Oui décidemment, il faut, pour tout le secteur tertiaire, supprimer la médecine du travail au profit d'une cellule réduite d'épidémiologistes, chargé d'orienter la politique de santé publique au travail  et de  véritables médecins contrôleurs  chargés de recevoir les malades prétendant à un arrêt maladie ou à une invalidité. Les médecins généralistes perdraient le pouvoir de déclencher des arrêts maladie  mais récupéreraient la visite obligatoire annuelle, et tout dans tout ne perdraient rien s'ils sont honnêtes dans leur travail ).  Evidemment les voyous qui se font une clientèle actuellement en distribuant généreusement les arrêts maladie seraient affectés. Et alors ?
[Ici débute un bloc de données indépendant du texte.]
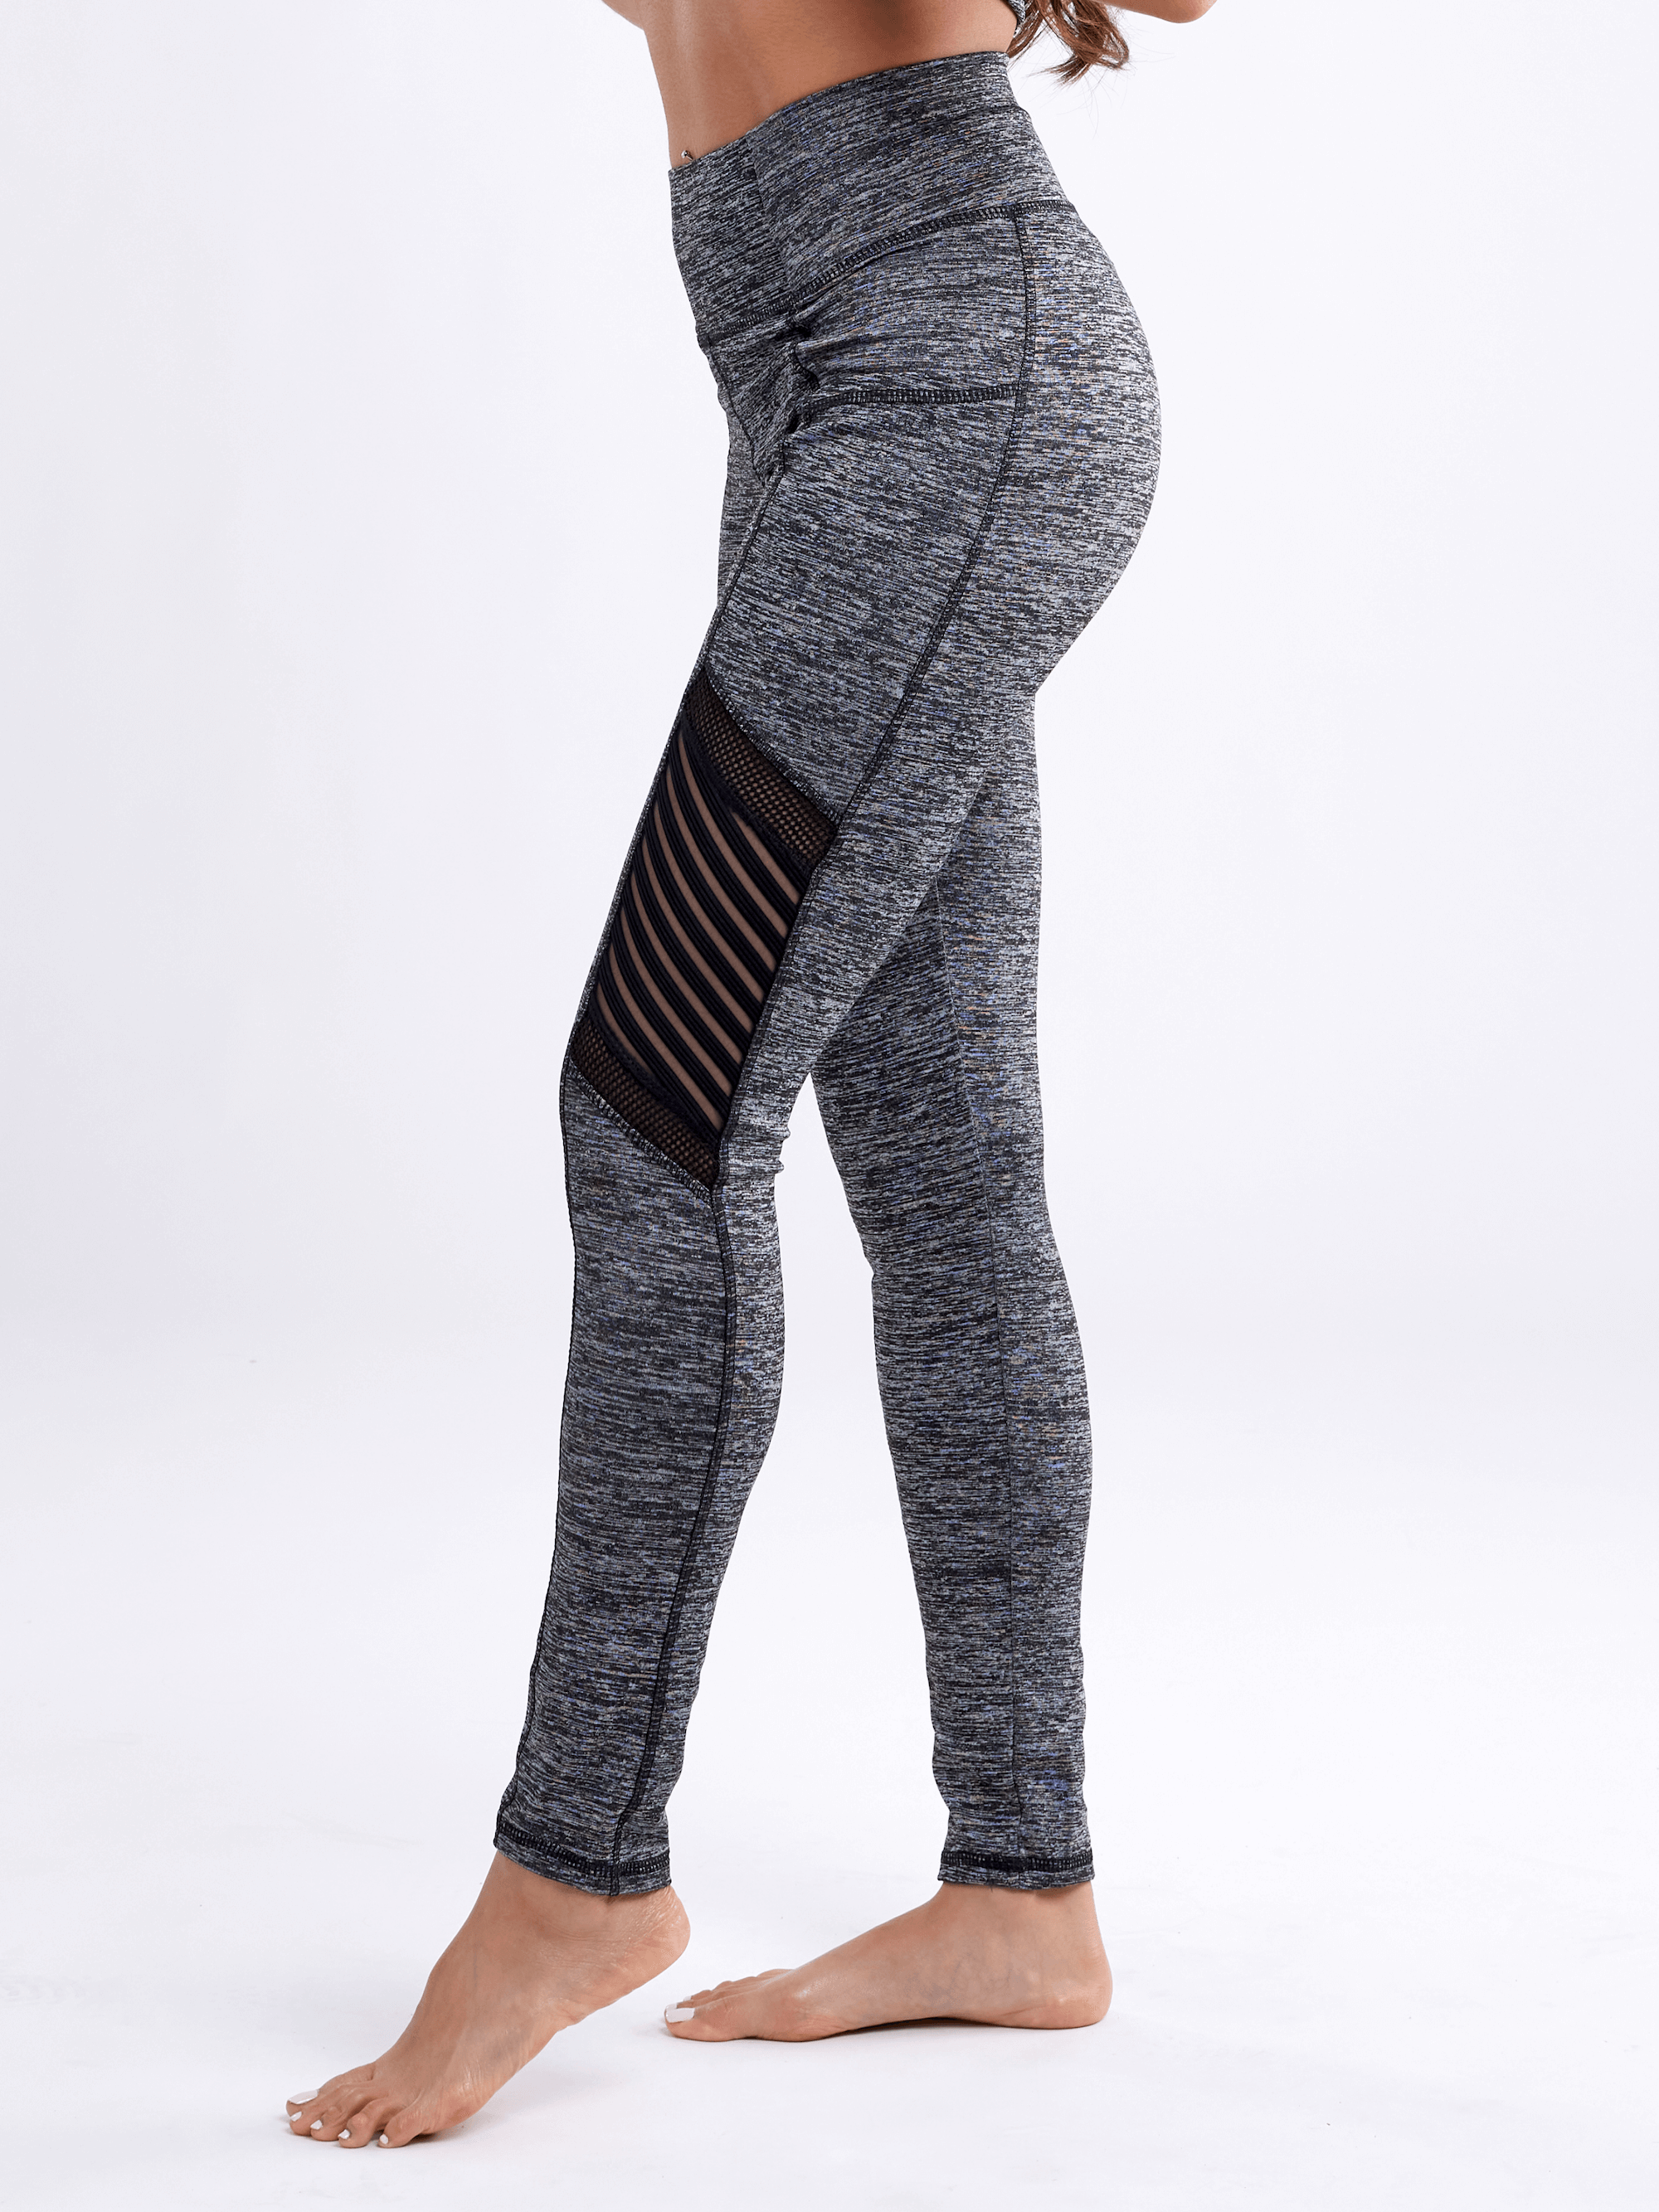 Is That The New Contrast Mesh Wide Waistband Sports Leggings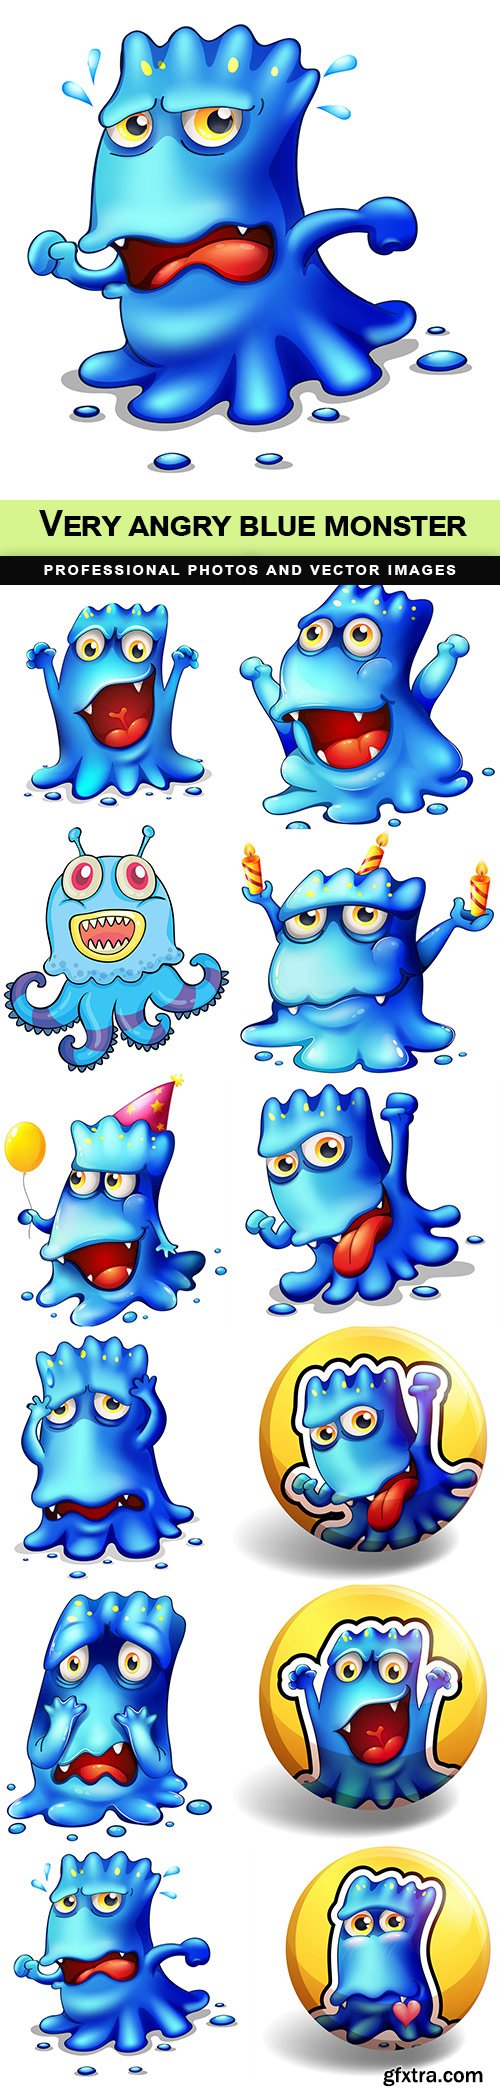 Very angry blue monster - 12 EPS

Cette réforme est si simple qu'elle ne sera naturellement pas faite.  Le paritarisme permet à des syndicats salariaux et patronaux  de faire rémunérer des permanents pour gérer ce système gigantesque  et  inutile (pensez : près de 15.000.000 de visites inutiles à 300 euros l'unité). De nombreux centres agréés vivent de ce petit négoce futile et malsain.  Tout ce petit monde se cache derrière la mission de santé publique de protection du salarié, sans y contribuer le moins du monde et pour un coût astronomique.

Ainsi va la France entre Ubu et abus de toutes sortes.

Indignez- vous ? Révoltez-vous ?

Allons, allons. Vous êtes en France le pays où le faux semblant et les fausses réformes sont de règle, les ministres les interlocuteurs des lobbies, les parlementaires des zombis, et les entreprises des vaches à lait.   Enfin, tant qu'il y en aura.